L’économiste El hadj Mounirou Ndiaye, enseignant à l’Université de Thiès a confié Africa Check que «la dette du Sénégal était à 17% du PIB en 2006. En dix ans, on l’a presque multipliée par quatre ».

«C’est pratiquement le même rythme d’endettement depuis 2006, l’année où le Sénégal a bénéficié d’une remise de dette dans le cadre du programme PPTE (Pays pauvres très endettés)», a-t-il fait observer.

Et le PIB ?


Le Produit intérieur brut (PIB) du Sénégal  est évalué à près 7 500 milliards de francs CFA en 2016 par la Banque mondiale. Ce montant a évolué, à la suite des travaux de l’Agence nationale de la statistique et de la démographie (ANSD). En effet, le Projet de rénovation des comptes nationaux  a révélé que le PIB est ressorti à 9 789 milliards FCFA, en hausse de 30%, comparativement à son niveau de 2014 évalué selon l’ancienne base de 1999.

En outre, la Commission des statistiques de l’ONU, organe qui encadre le calcul des PIB des pays membres, a modifié la base de calcul en 2008.

En mars 2017, le directeur général de l’ANSD de l’époque, Ababacar Sadikh Bèye,avait annoncé  l’adoption d’un nouveau référentiel de calcul en 2008.

«C’est ce qui explique le fait qu’on est passé de 7 500 milliards à un PIB de 9 789 milliards, soit une hausse de 30% en dépit de la non-prise en compte des exploitations agricoles dans le recensement. Cela aura un impact sur le niveau d’endettement à la veille de l’élaboration de la phase 2 du PSE [Plan Sénégal émergent]», avait-il expliqué à la RTS, la télévision publique.

Quel rapport dette-PIB ?


L’économiste Souleymane Astou Diagne, maître de conférences à l’ Université Alioune Diop de Bambey, a déclaré à Africa Check que «la dette est un instrument de politique économique».

«La France a une dette qui est égale à son PIB. Les Etats-Unis ont une dette publique qui équivaut à 120% de leur PIB », a-t-il précisé.

L’écart entre le PIB et la dette a incité la Conférence des chefs d’Etat et de gouvernement membres de l’Union économique et monétaire ouest-africaine (UEMAO) à adopter un Pacte de convergence, de stabilité, de croissance et de solidarité régulièrement mis à jour.

La dette du Sénégal est-elle soutenable ?


Souleymane Astou Diagne a confié à Africa Check que «le taux d’endettement est de près de 61%. La dette du Sénégal augmente de 4 à 5 % par an, alors que le taux de croissance est entre 6 et 7% ».

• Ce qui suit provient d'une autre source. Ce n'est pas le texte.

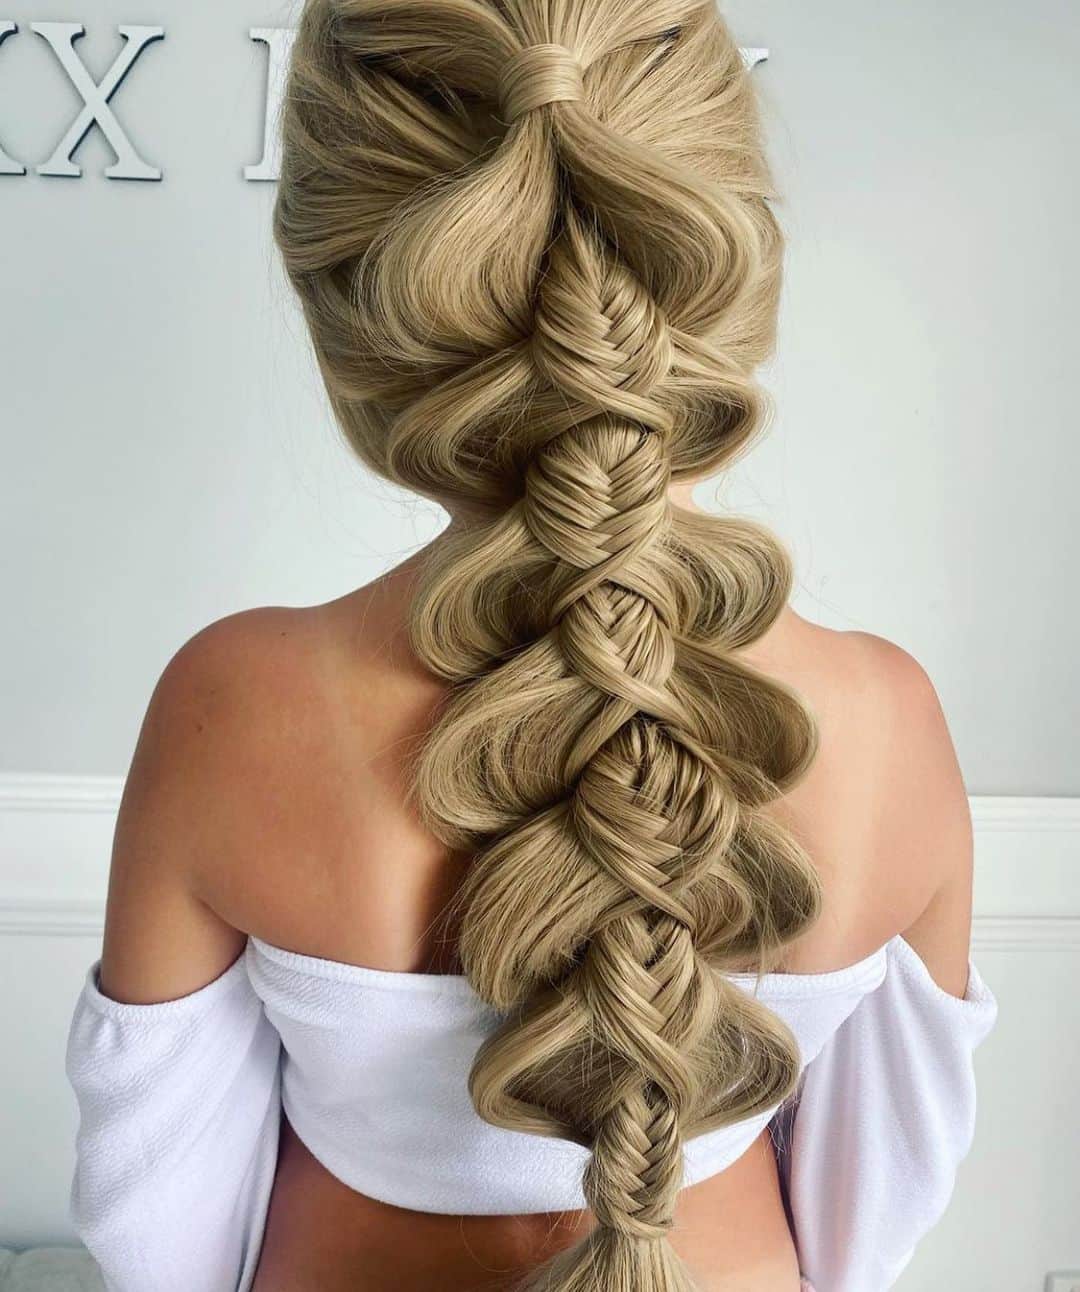 I N S T A B R A I Dのインスタグラム：「Haven’t been on here in foreverrrrr!! It’s been a crazy few months- Missed you guys 💕🥺 how stunning is this braid?!」
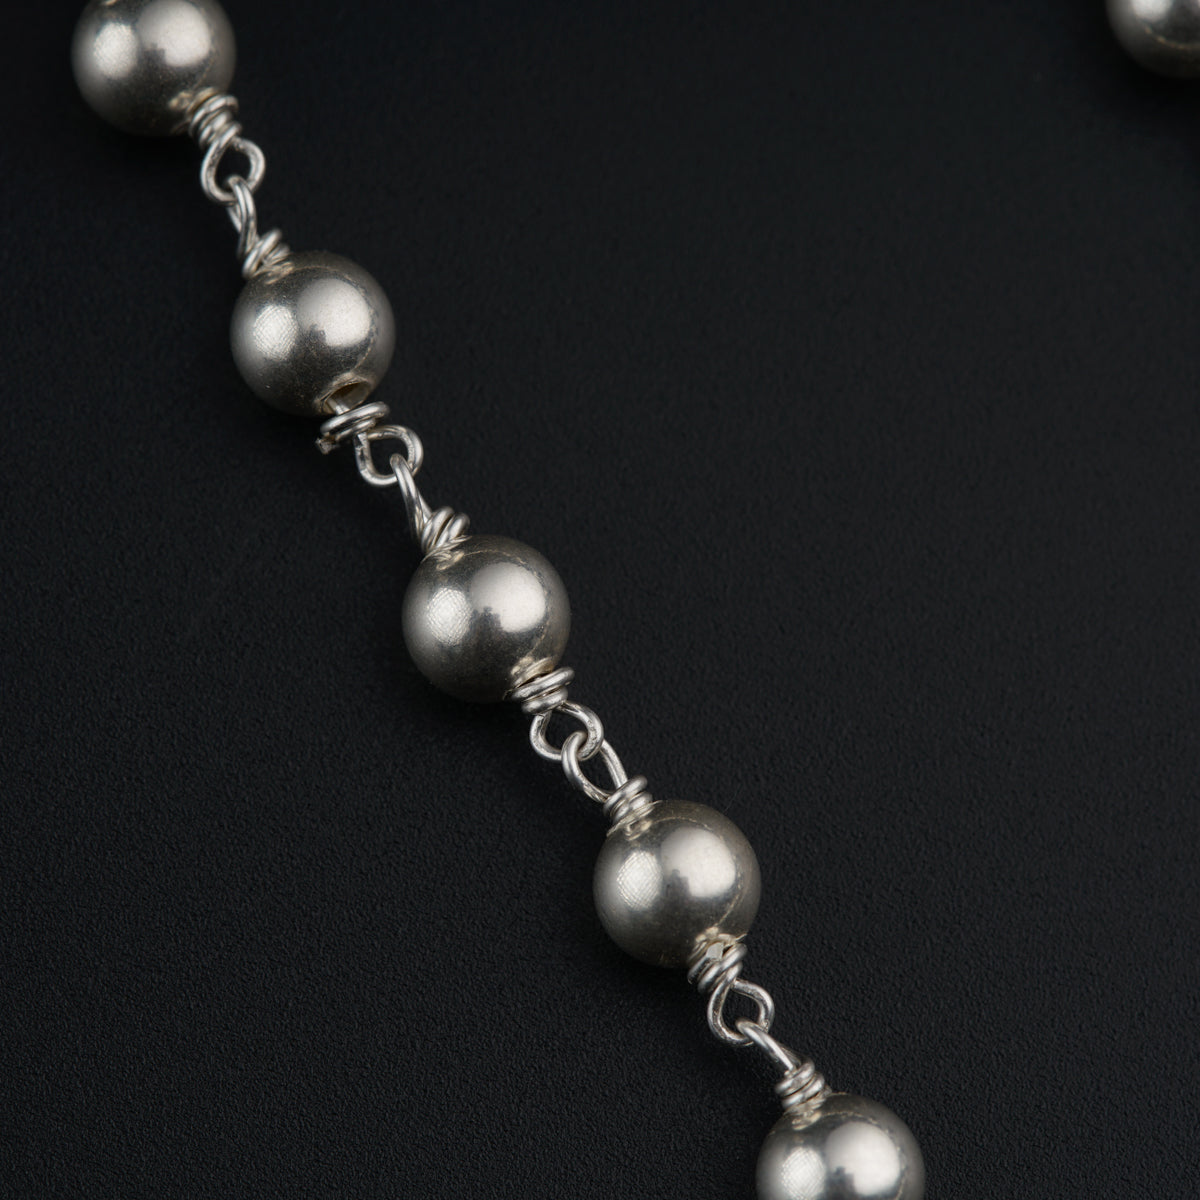 a close up of a chain with balls on it

«Donc, la richesse nationale augmente plus vite que la dette. Actuellement, le service de la dette annuelle est soutenable par le budget de plus de 3 700 milliards FCFA. Et l’argent emprunté est injecté dans des secteurs porteurs », a dit le Professeur Diagne.

«Ce qui serait dangereux, selon lui, c’est de dépasser la barre des 70% fixée par l’UEMOA et de s’endetter pour assurer des dépenses de fonctionnement ou pour payer de salaires».

L’économiste rappelle que «l’endettement excessif entraine la récession car les agents économiques auront tendance à sortir l’argent du pays et l’Etat va augmenter les taxes et les impôts pour faire face à ses charges ».